▽

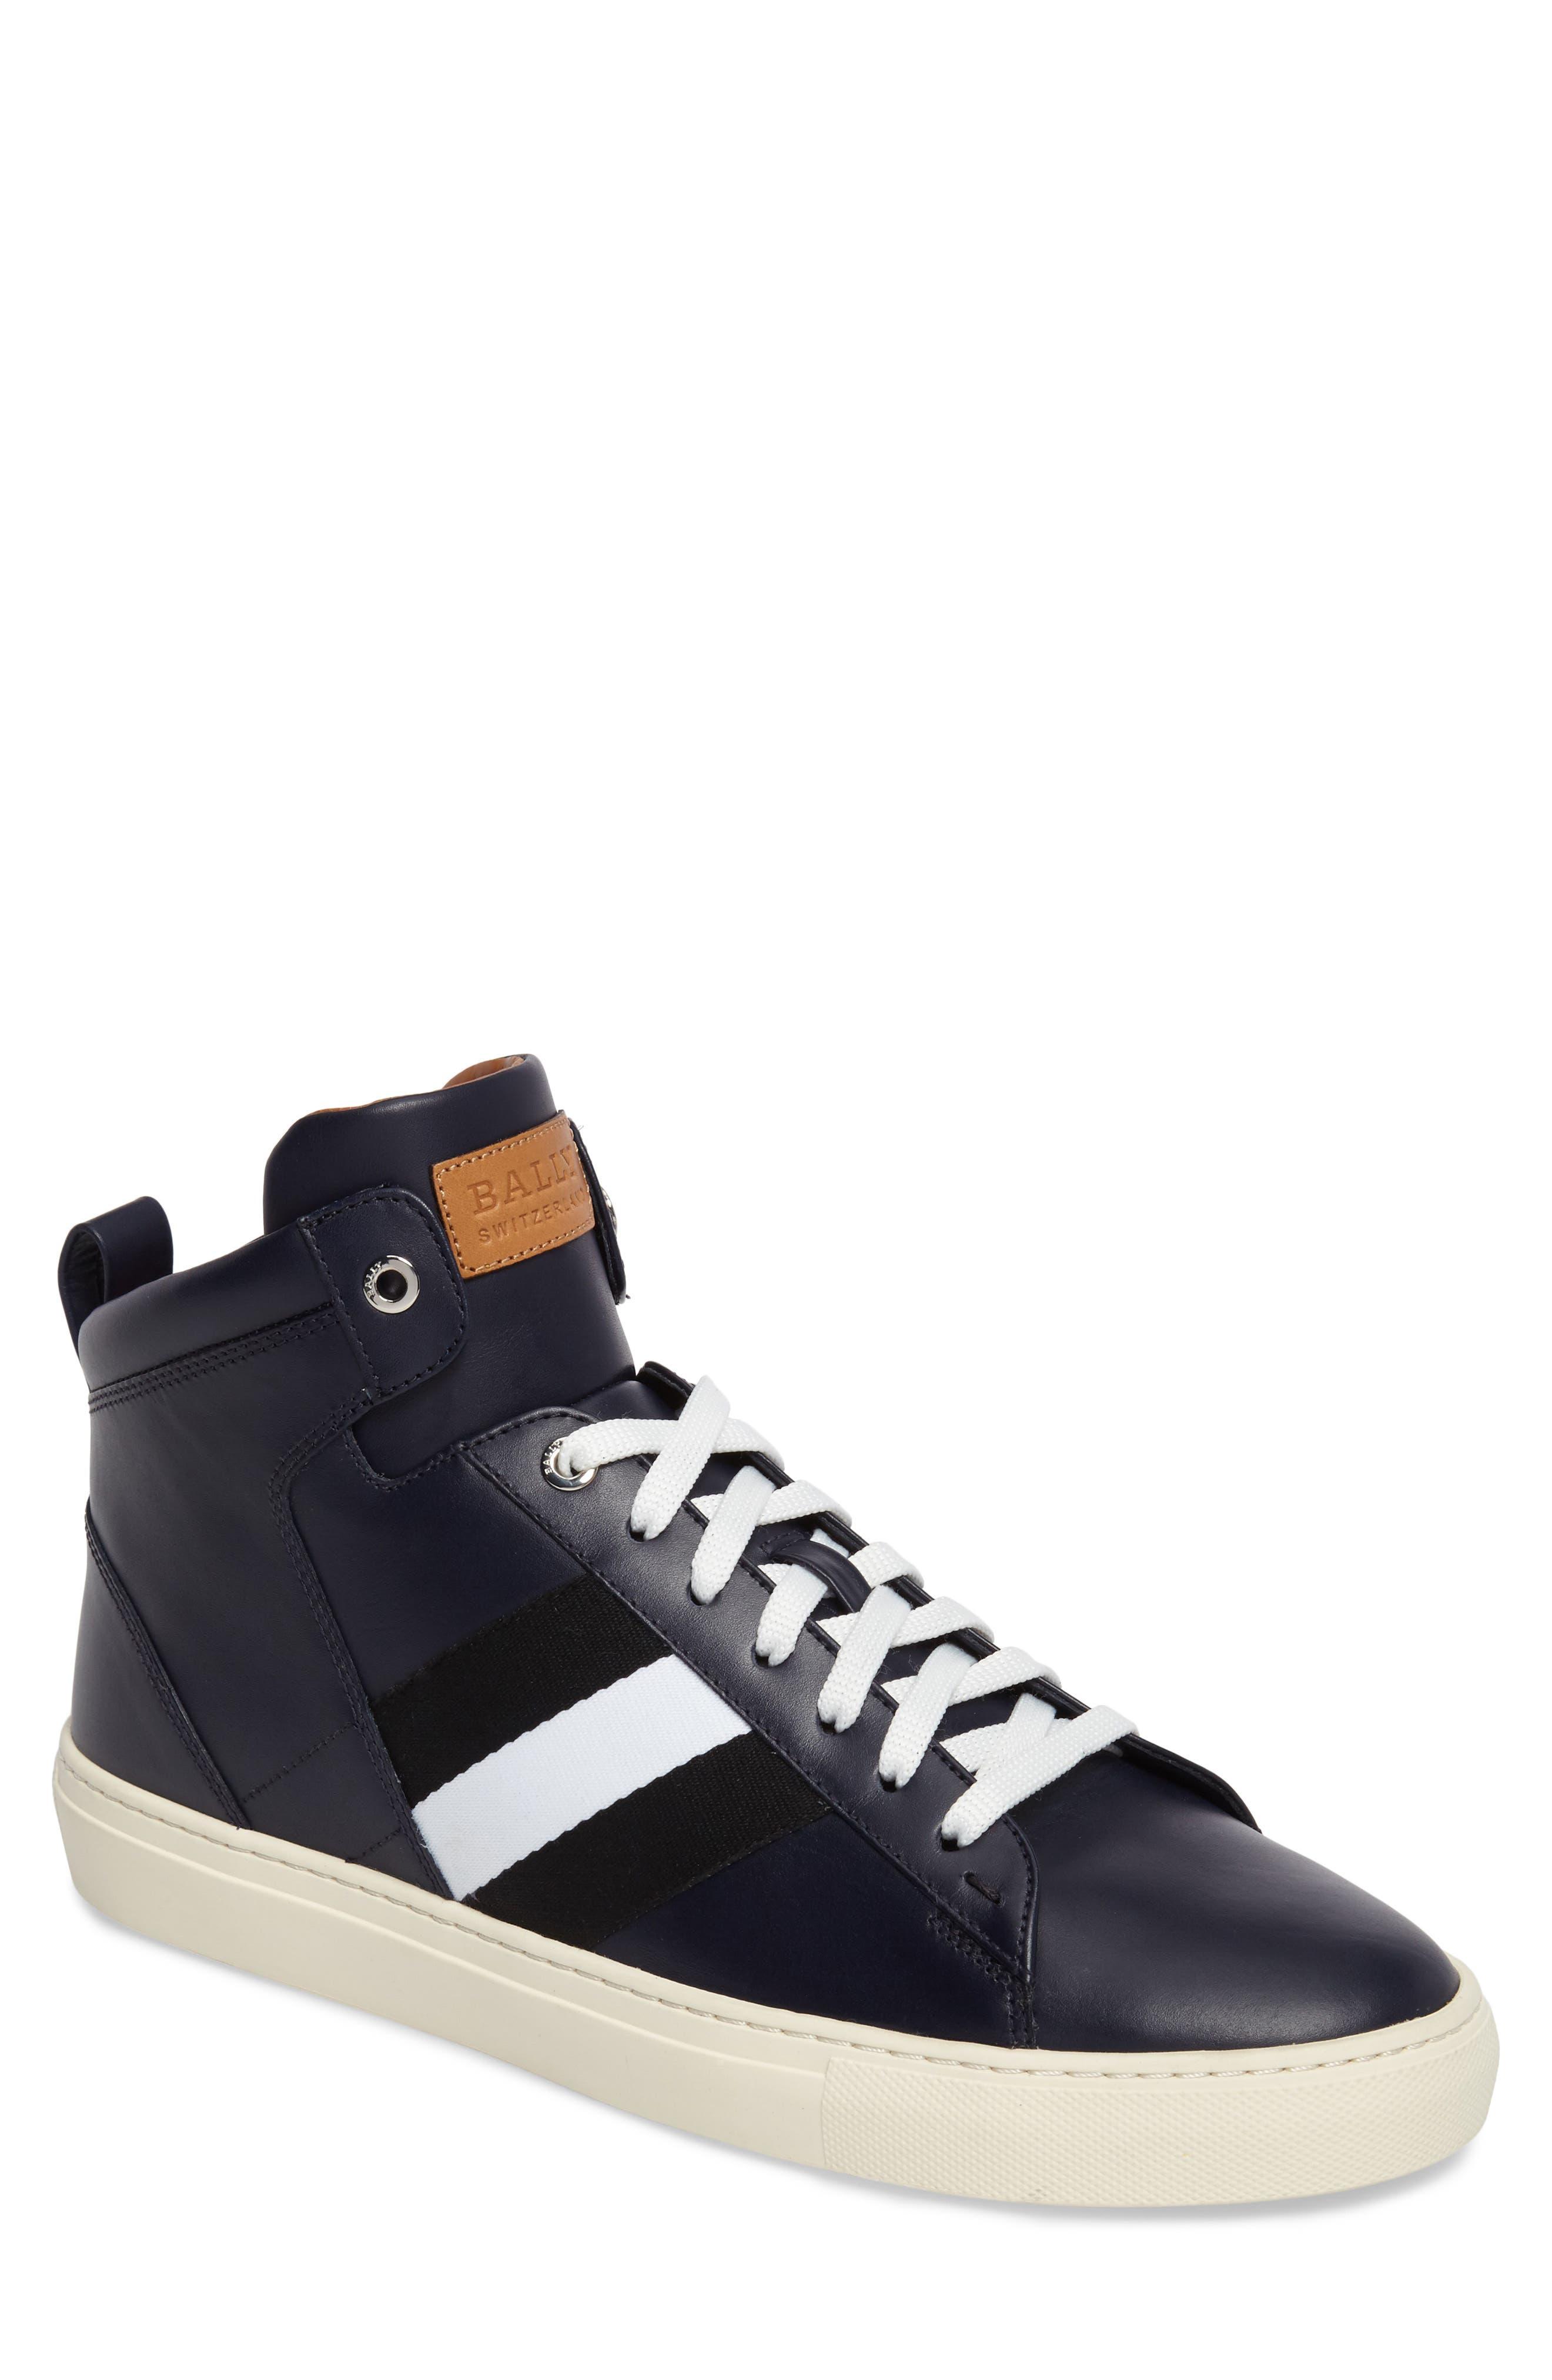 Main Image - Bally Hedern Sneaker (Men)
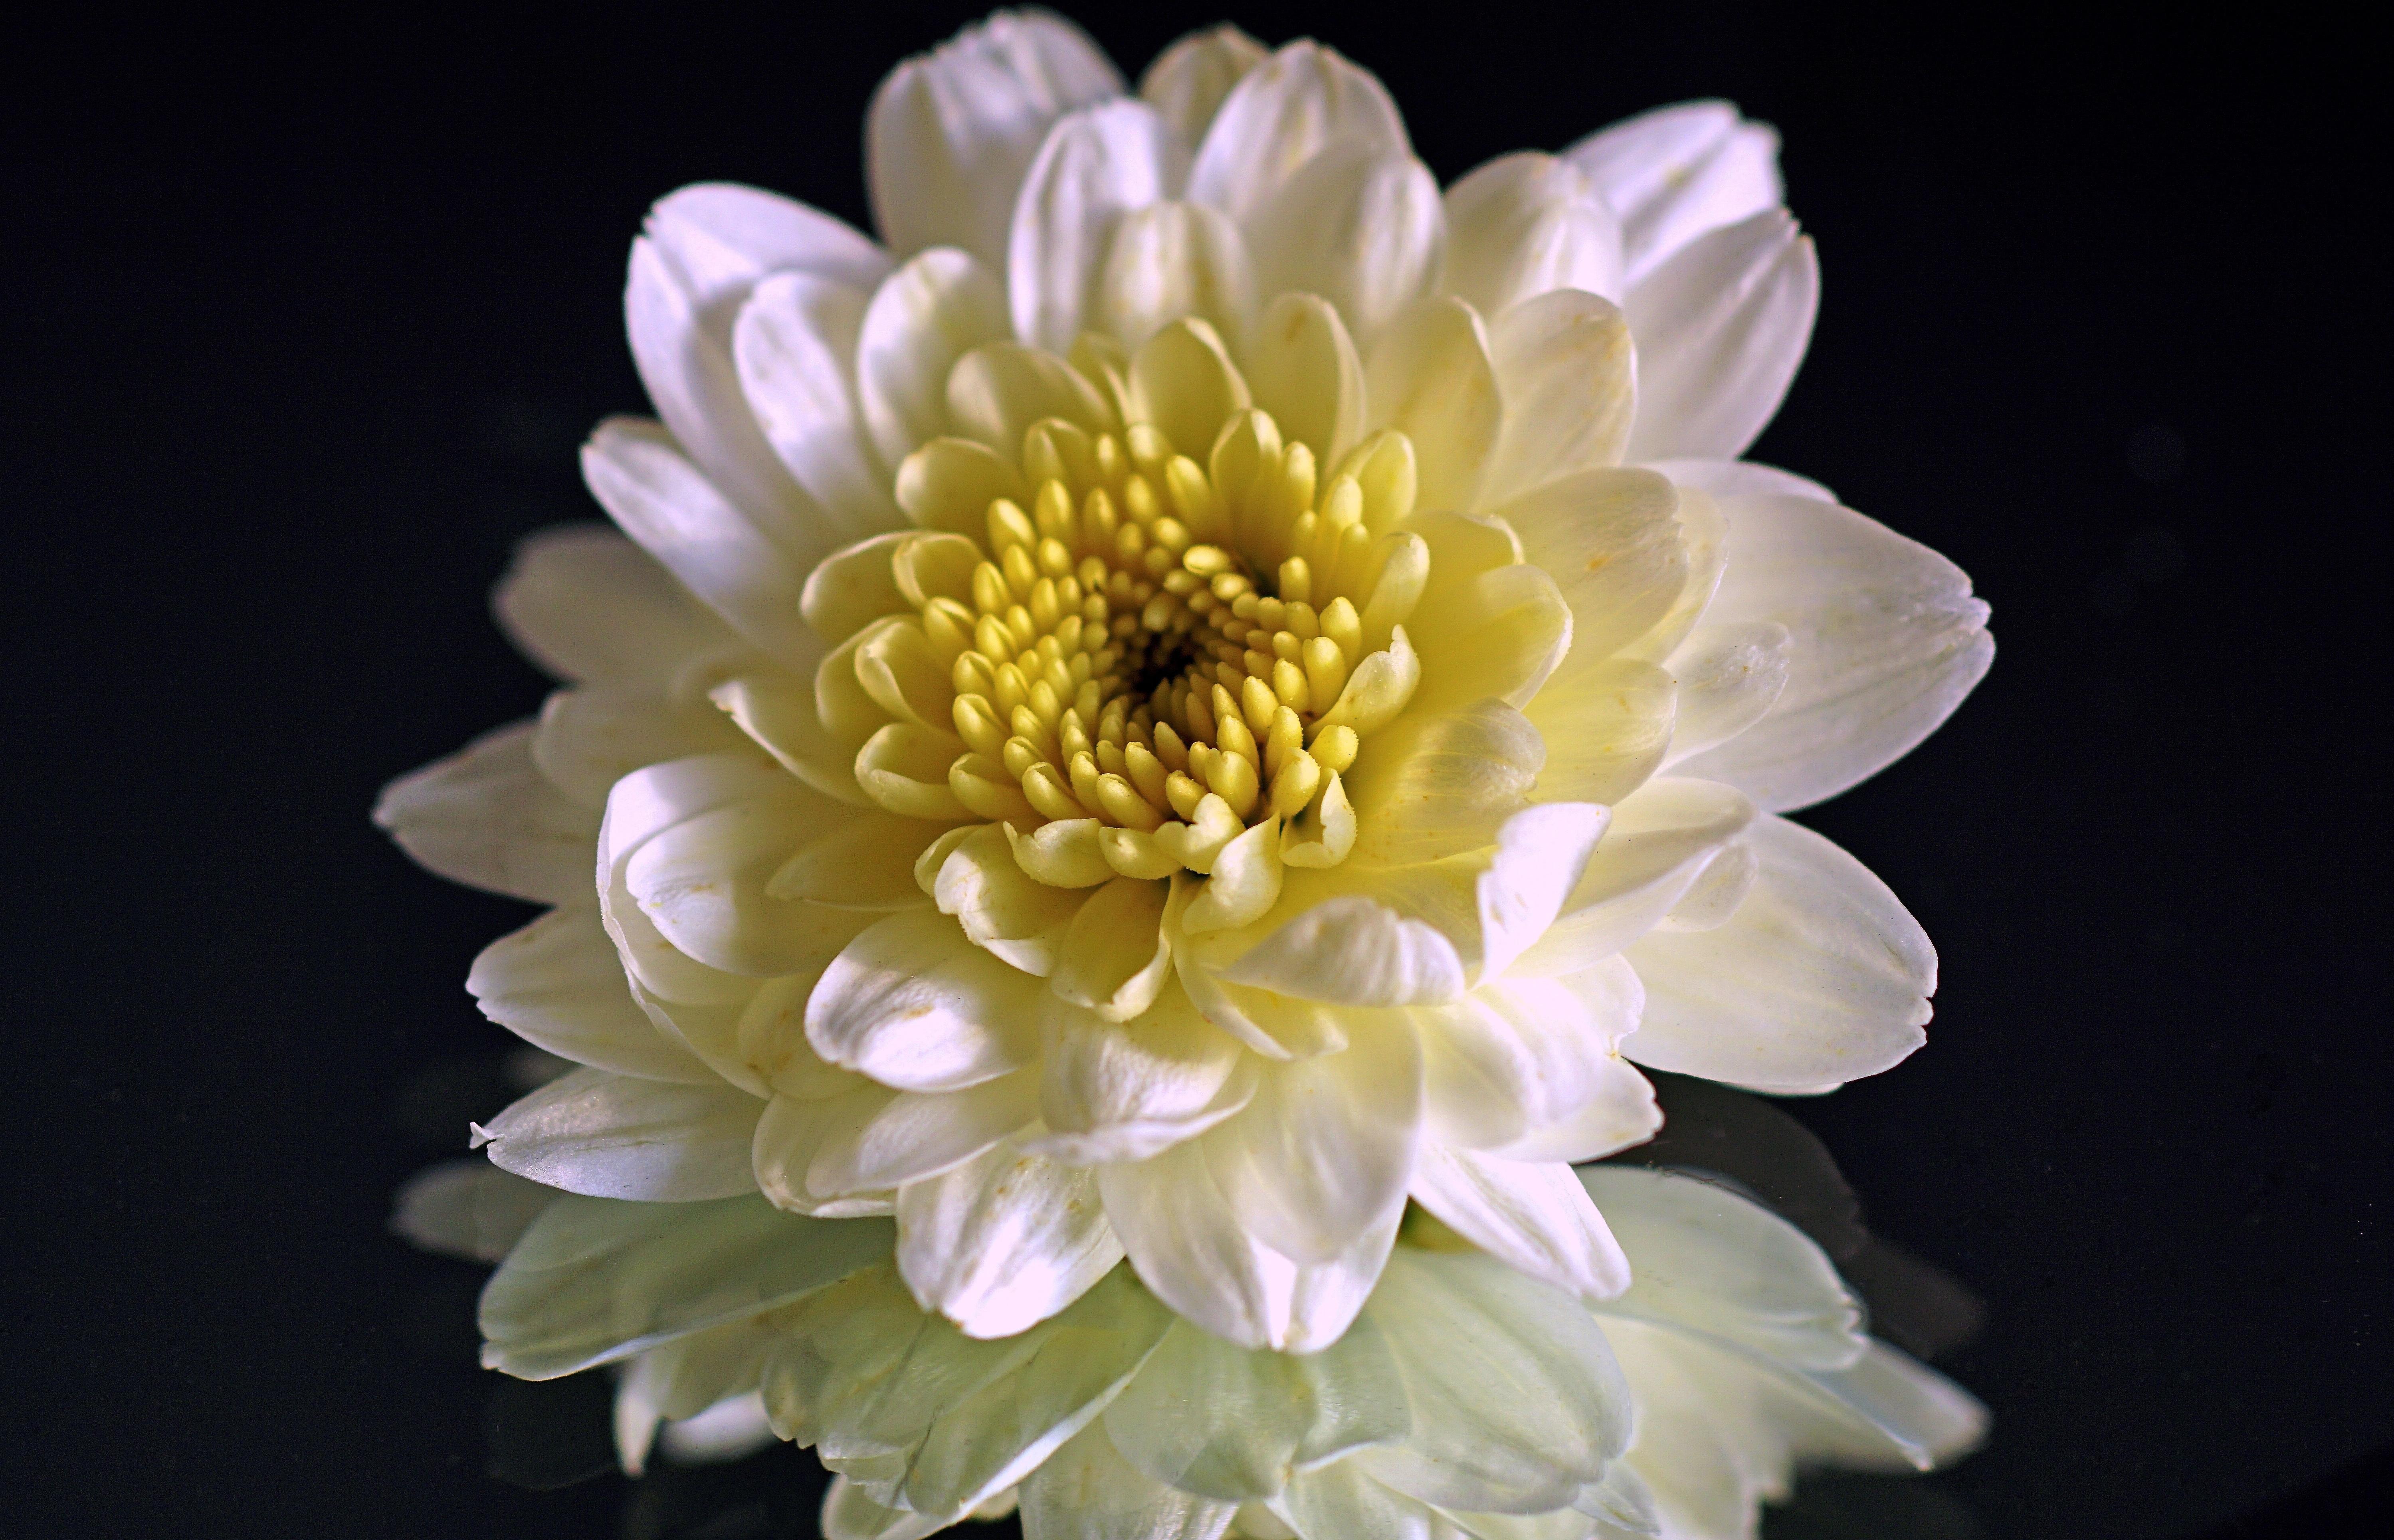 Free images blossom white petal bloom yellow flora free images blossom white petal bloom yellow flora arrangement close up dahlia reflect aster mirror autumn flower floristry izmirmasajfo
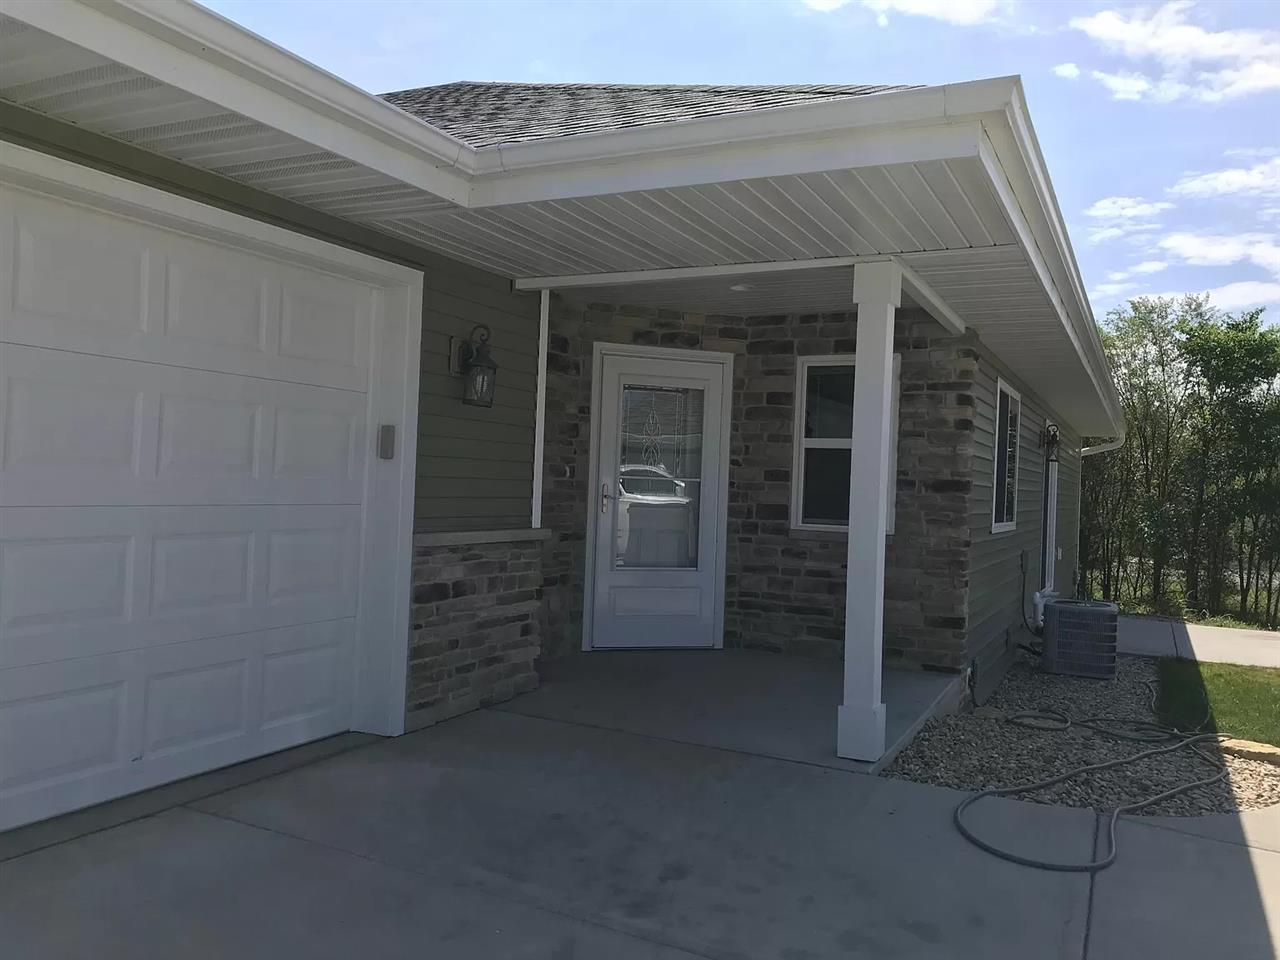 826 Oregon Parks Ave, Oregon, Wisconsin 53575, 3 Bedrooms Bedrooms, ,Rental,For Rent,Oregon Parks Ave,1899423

△

▸ EXERCISE REQUIREMENTS
Your answer should be the lines from the line containing "Free images blossom white petal bloom yellow flora free" through the end of the listing above, output exactly and alone, without the pictures.

▸ ANSWER AREA
 Free images blossom white petal bloom yellow flora free images blossom white petal bloom yellow flora arrangement close up dahlia reflect aster mirror autumn flower floristry izmirmasajfo
 826 Oregon Parks Ave, Oregon, Wisconsin 53575, 3 Bedrooms Bedrooms, ,Rental,For Rent,Oregon Parks Ave,1899423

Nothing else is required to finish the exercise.